## Posts

## Comments

**crabman**on Novum Organum: Preface · 2019-09-21T14:00:03.737Z · score: 1 (1 votes) · LW · GW

retain ·the evidence of· the senses subject to certain constraints If you are led •by the evidence of your senses What does Francis mean by "senses" here?

The passage that says it's madness to do intellectual work without tools, I am not sure if I understand what those tools are. I guess they are something like principles of empiricism and rationality. If Francis looked at the state of science in different time points between the time he wrote the book and now, would he say that scientists mostly used the tools? Because it seems science is in an ok shape now.

I think the book's title "The new organon" is bailey, and the passage about not wanting rivalry with ancient philosophers is motte.

**crabman**on crabman's Shortform · 2019-09-15T19:25:15.701Z · score: 1 (1 votes) · LW · GW

Many biohacking guides suggest using melatonin. Does liquid melatonin spoil under high temperature if put in tea (95 degree Celcius)?

More general question: how do I even find answers to questions like this one?

**crabman**on crabman's Shortform · 2019-09-14T12:30:37.731Z · score: 15 (4 votes) · LW · GW

A competition on solving math problems via AI is coming. https://imo-grand-challenge.github.io/

- The problems are from the International math olympiad (IMO)
- They want to formalize all the problems in Lean (theorem prover) language. They haven't figured out how to do that, e.g. how to formalize problems of form "determine the set of objects satisfying the given property", as can be seen in https://github.com/IMO-grand-challenge/formal-encoding/blob/master/design/determine.lean
- A contestant must submit a computer program that will take a problem's description as input and output a solution and its proof in Lean.

I would guess that this is partly a way to promote Lean.
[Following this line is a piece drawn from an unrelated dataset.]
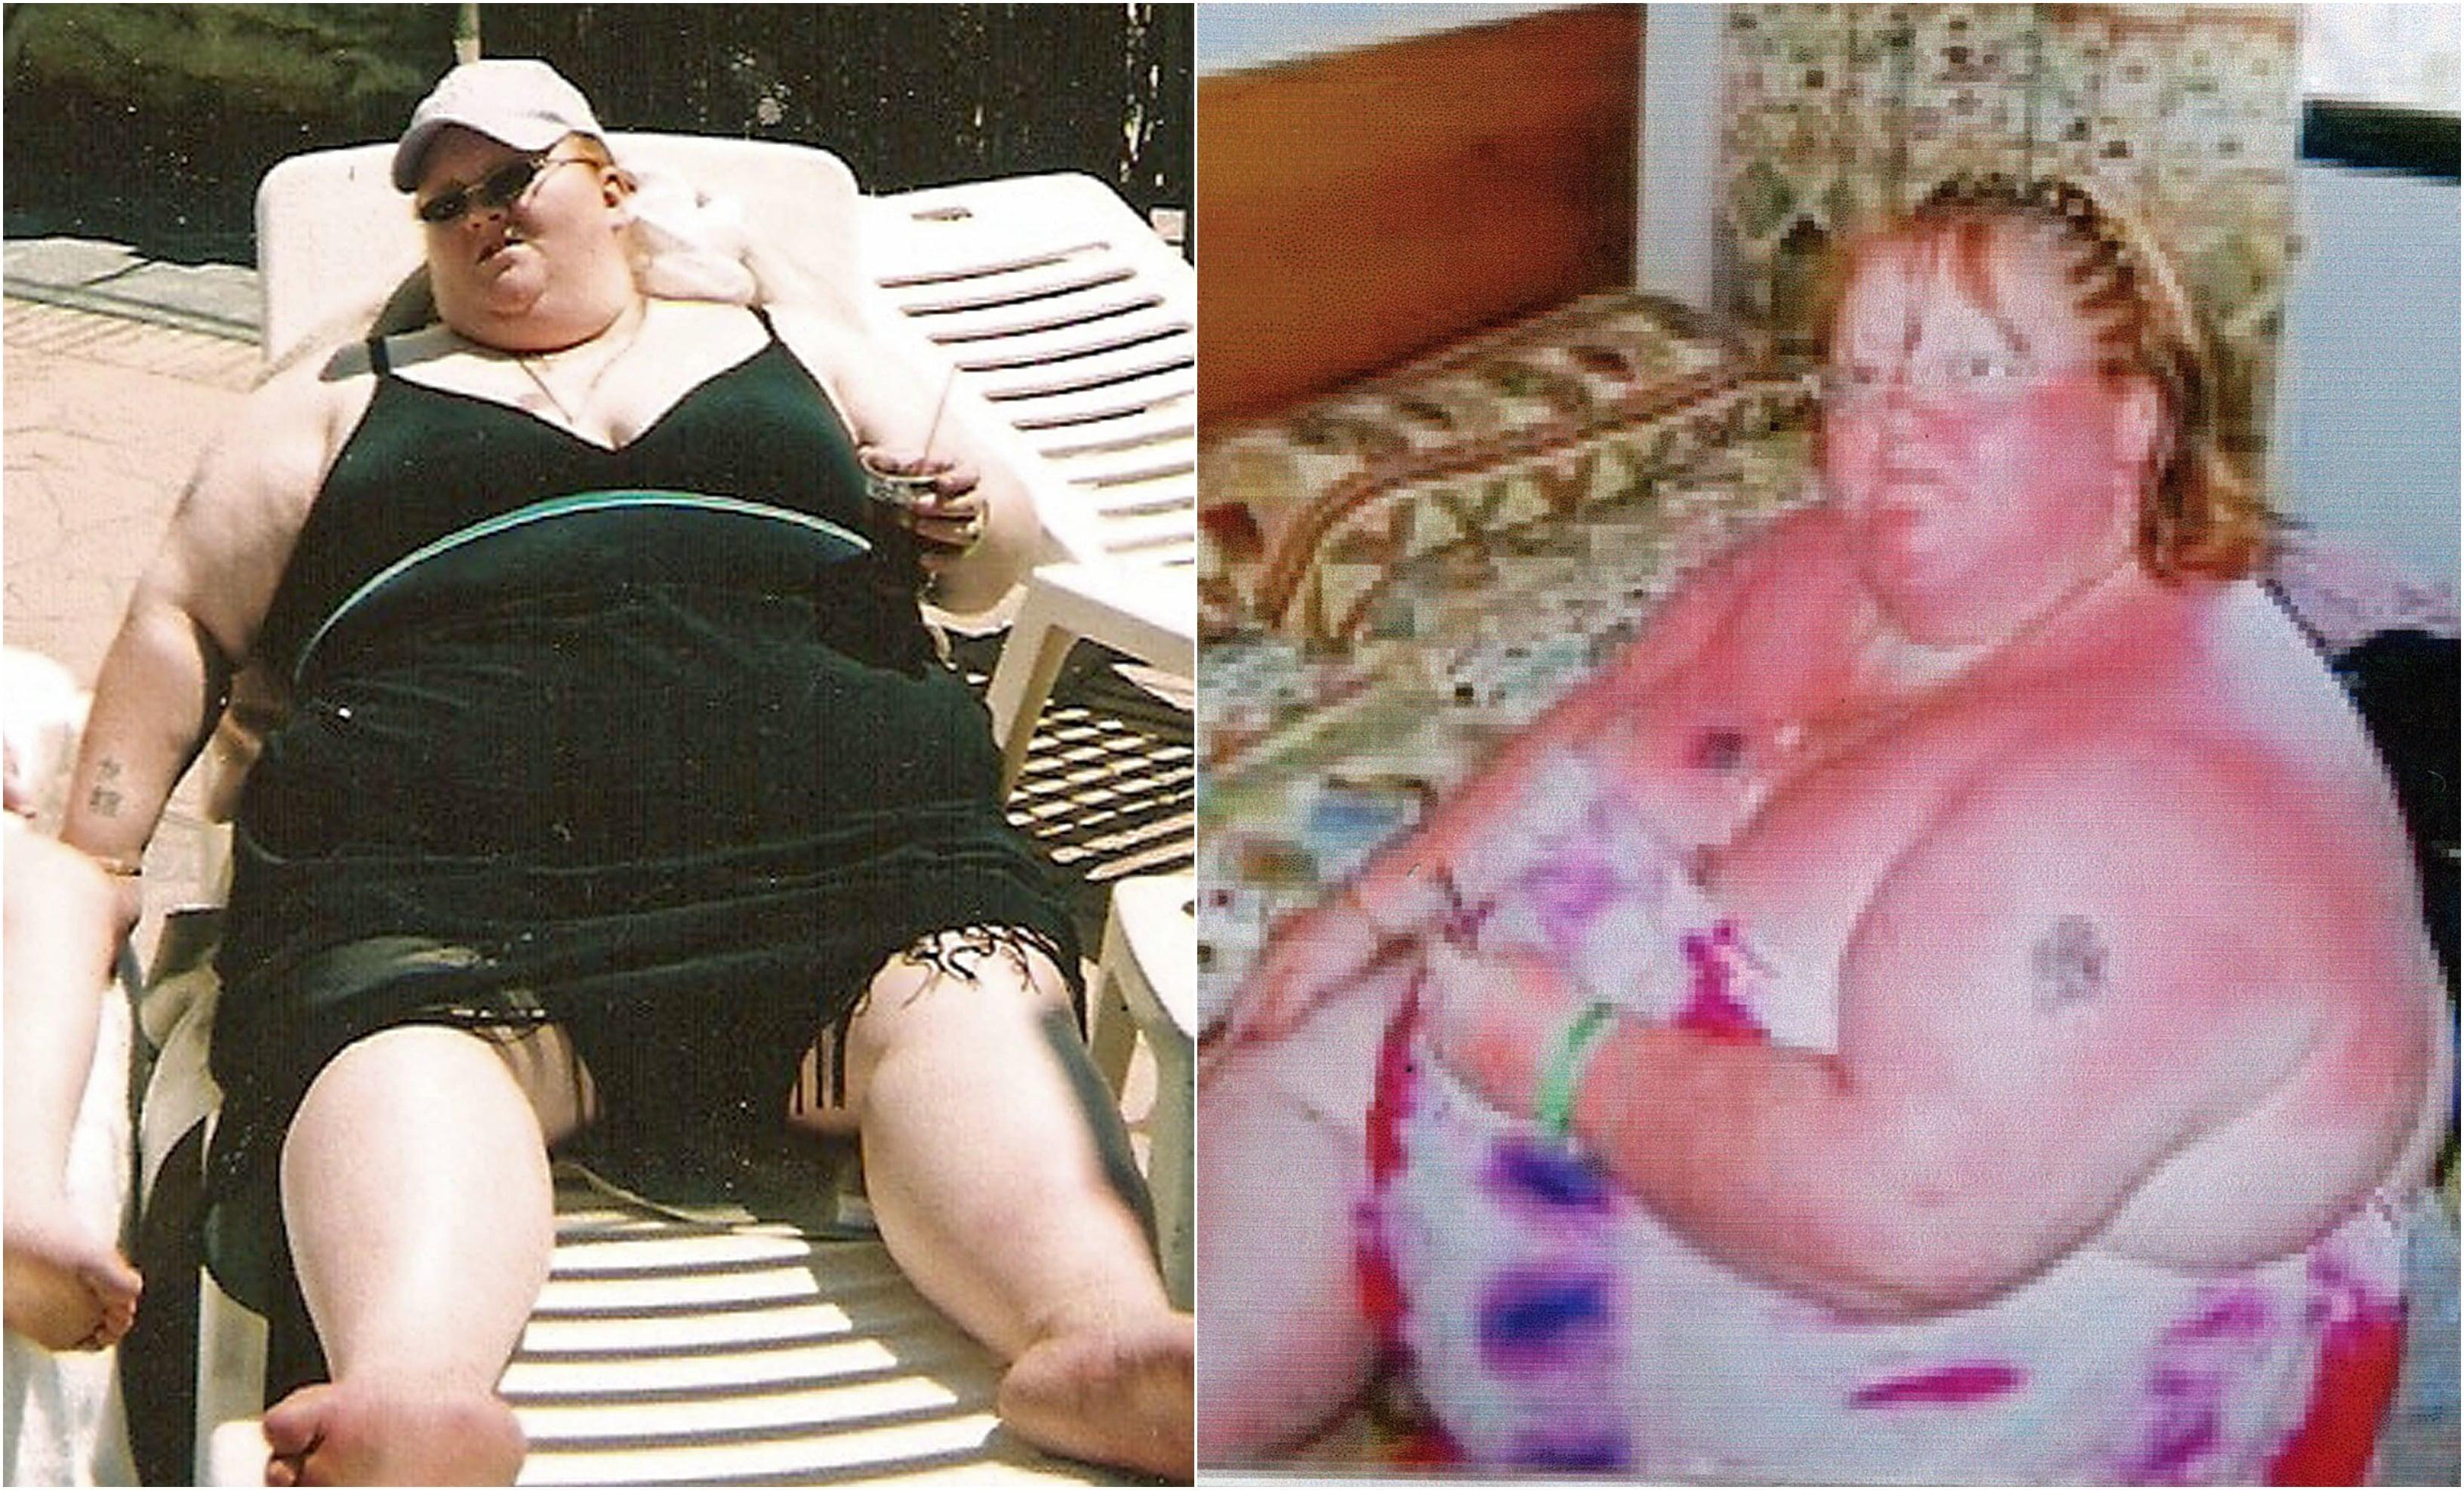 Colaj femeie slabit 190 kg

I think it would be interesting to pose questions about this on metaculus.

**crabman**on Free-to-Play Games: Three Key Trade-Offs · 2019-09-10T18:25:40.272Z · score: 3 (3 votes) · LW · GW

Where does Eternal, a game you seem to like, lie in the space of these tradeoffs?

**crabman**on Buck's Shortform · 2019-08-18T10:17:57.936Z · score: 11 (5 votes) · LW · GW

How do you spend time with the tutor? Whenever I tried studying with a tutor, it didn't seem more efficient than studying using a textbook. Also when I study on my own, I interleave reading new materials and doing the exercises, but with a tutor it would be wasteful to do exercises during the tutoring time.
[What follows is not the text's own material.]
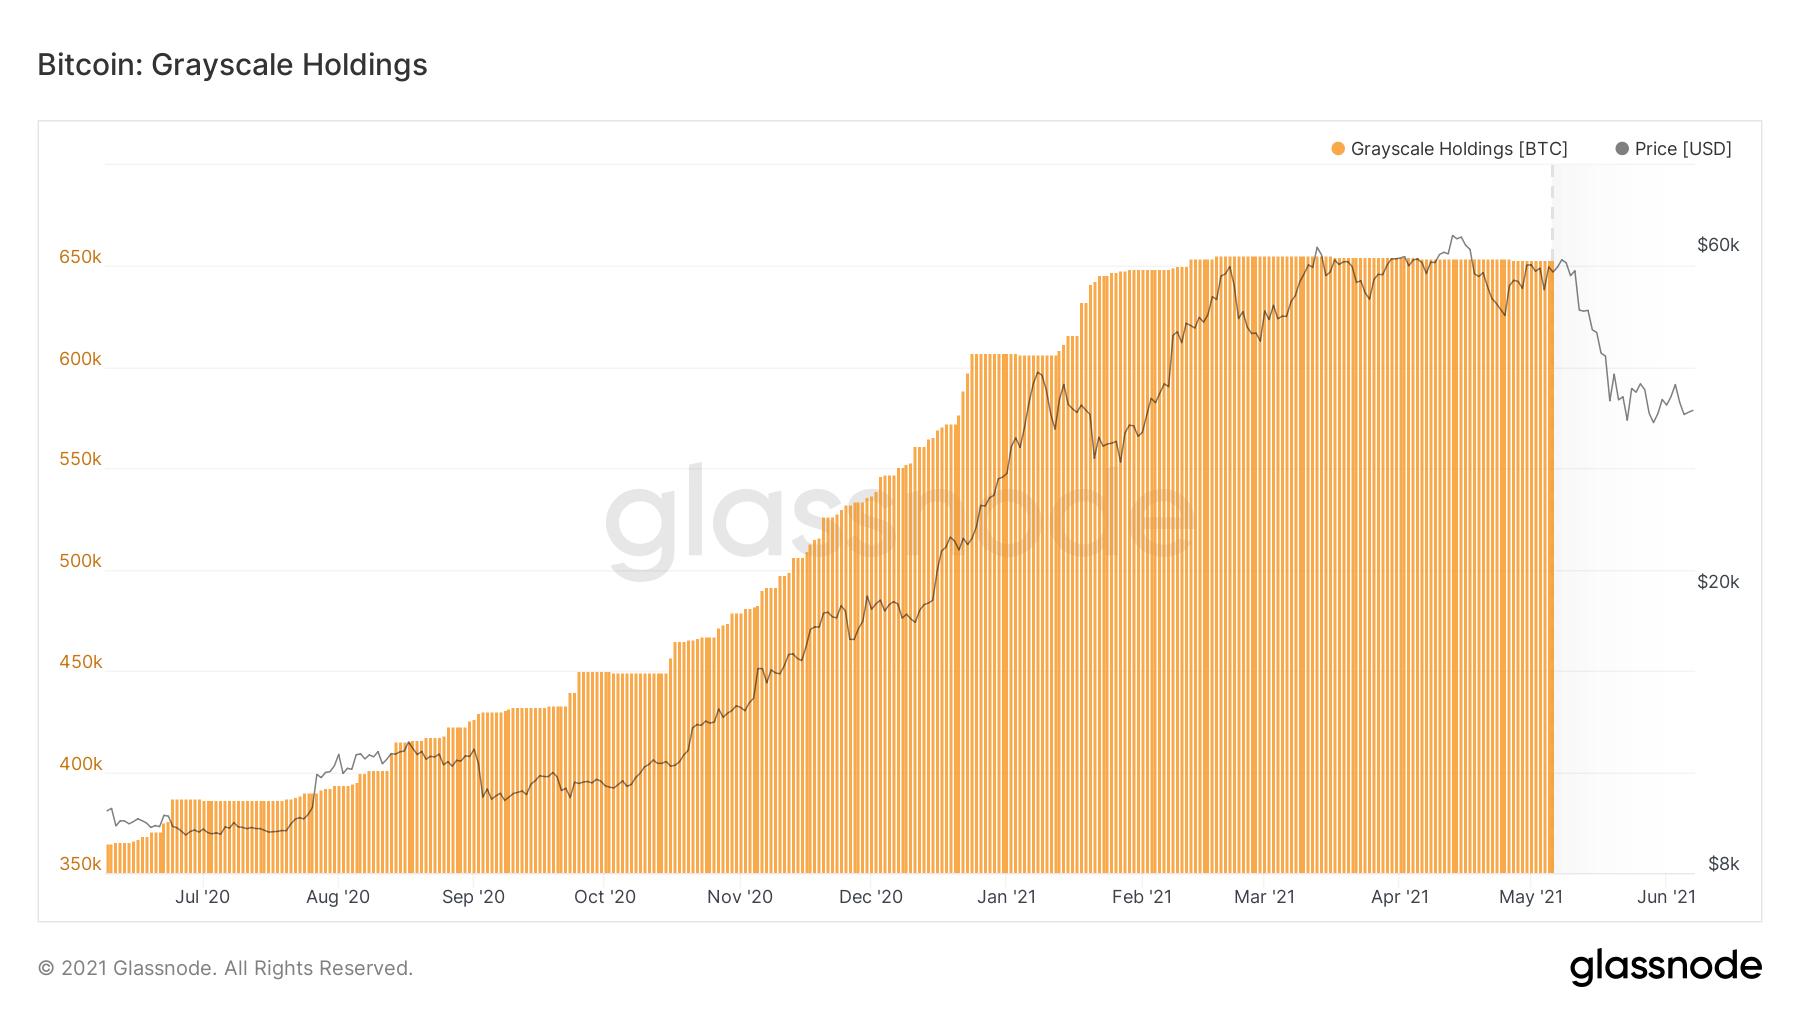 Bitcoin: sentimentul este bearish. GBTC Premium rămâne negativ

**crabman**on Rethinking Batch Normalization · 2019-08-07T14:08:08.256Z · score: 1 (1 votes) · LW · GW

I want to clarify in what domain this theory of batch normalization holds.

The evidence we have is mostly about batch normalization in those types of feedforward neural networks that are often used in 2019, right? So, residual CNNs, VGG-like CNNs, other CNNs, transformers. Maybe other types of feedforward neural networks. But not RNNs.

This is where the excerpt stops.